The relationship between the growth rate of first-order lateral roots and their day of emergence after transfer to the phenotyping platform followed a quadratic function for all genotypes (Fig. 4). The lateral roots that emerged first (the basal lateral roots) generally had faster elongation rates than those that emerged later. The maximum lateral root elongation rate predicted by the model fitted to the data was 0.35cm d–1. The most informative model included only one, random-effect parameter (b i1, Supplementary Data Equation S6) describing the effect of genotype on the initial growth rate of first-order lateral roots. The maximum initial growth rate (b i1 + β 1) of first-order lateral roots ranged from 0.216 to 0.307cm d–1, with IMB211 having a value of 0.255cm d–1 and R500 having a value of 0.290cm d–1. Unexplained residual errors in the model for lateral root elongation rate (Fig. 4) were greater than those for the models for either primary root length or total root length (Fig. 3).

Fig. 4.

Fig. 4.

Measured (circles) and predicted (lines) values of the elongation rates of lateral roots of the two parents and five recombinant inbred lines of the Brassica rapa BraIRRI mapping population as a function of the time of their emergence after transfer to the phenotyping platform.
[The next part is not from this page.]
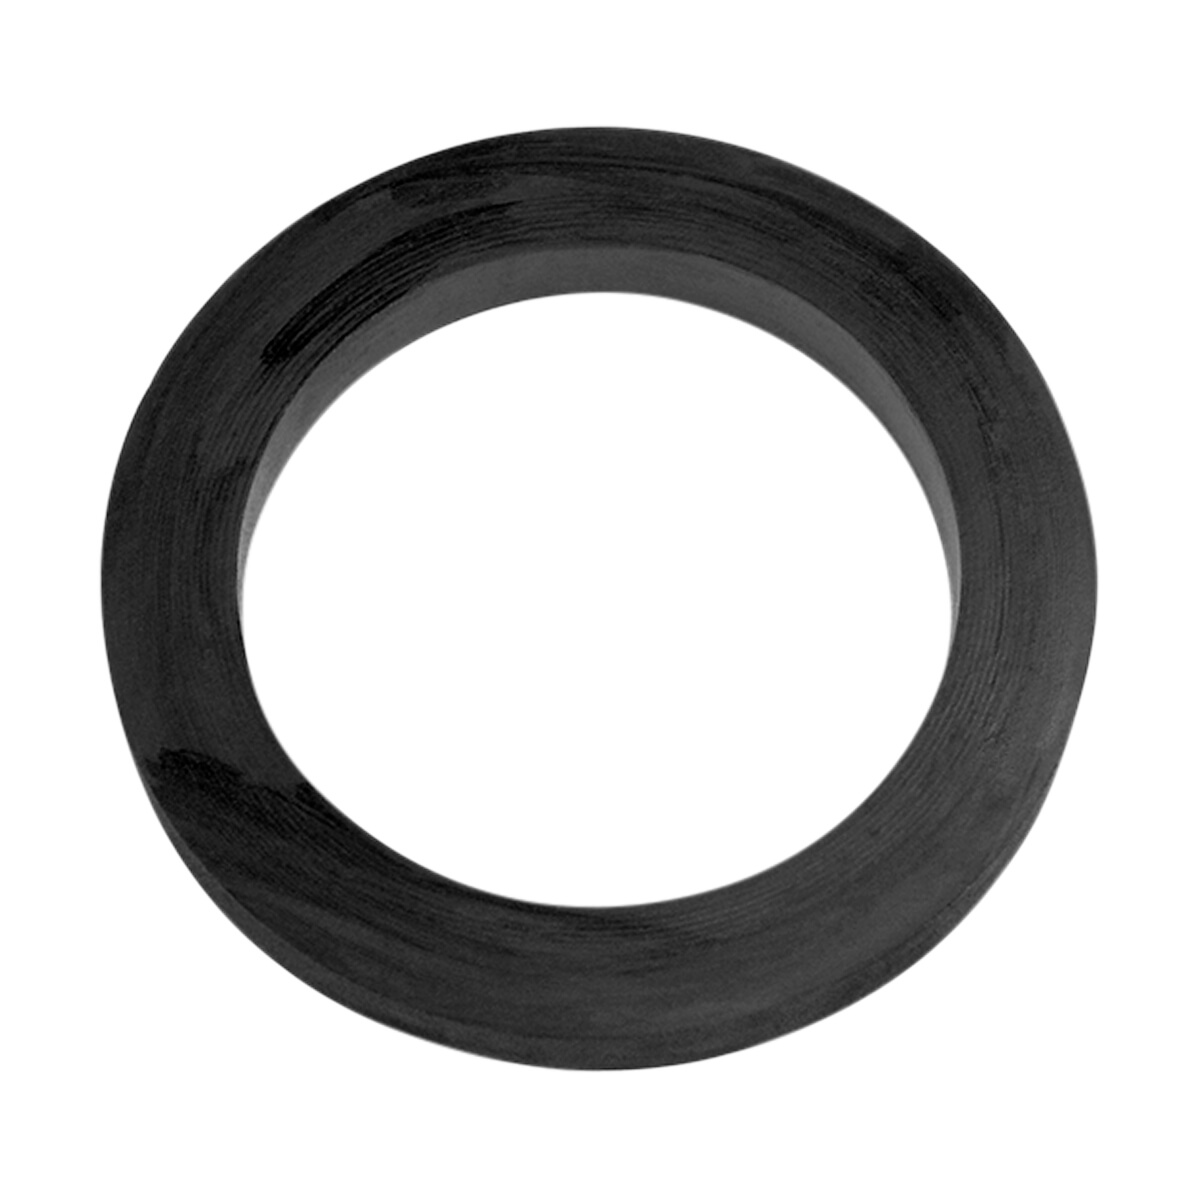 EPDM Camlock Replacement Gasket  - 3-in

Predicted values were estimated using a nonlinear mixed-effects model (Supplementary Data Equation S6). Error bars indicate standard error of the predicted means.

Discussion

Screening for root traits that improve crop yield

The efficient acquisition of a particular mineral element requires a specific set of root traits, many of which have been identified (Dunbabin et al., 2003; Lynch, 2007, 2013; White et al., 2013a,b). However, breeding for such root traits, either directly through screening for the traits themselves or indirectly through the identification of molecular-markers associated with the traits, requires observations on large populations of genotypes, which necessitates high-throughput, low-cost phenotyping platforms. Imaging is the central component of high-throughput phenotyping. Images contain detailed quantitative information on plant shape and morphologies. Images can be acquired rapidly and without manual intervention using, for example, motorized positioners and conveyors to move samples and/or image capture equipment (Yazdanbakhsh and Fisahn, 2009; Hartmann et al., 2011). Image data can be obtained at regular time intervals for a large number of samples. Image analysis algorithms can then be used to extract biologically meaningful traits automatically from image data (Armengaud et al., 2009; Lobet et al., 2011). Unfortunately, the development of such systems requires considerable expertise in engineering and computer programming and large monetary investments in infrastructure. These prerequisites are often lacking in plant research laboratories. Root images are also noisier that shoot images and the image resolution obtained with conventional cameras can be a limitation to phenotyping.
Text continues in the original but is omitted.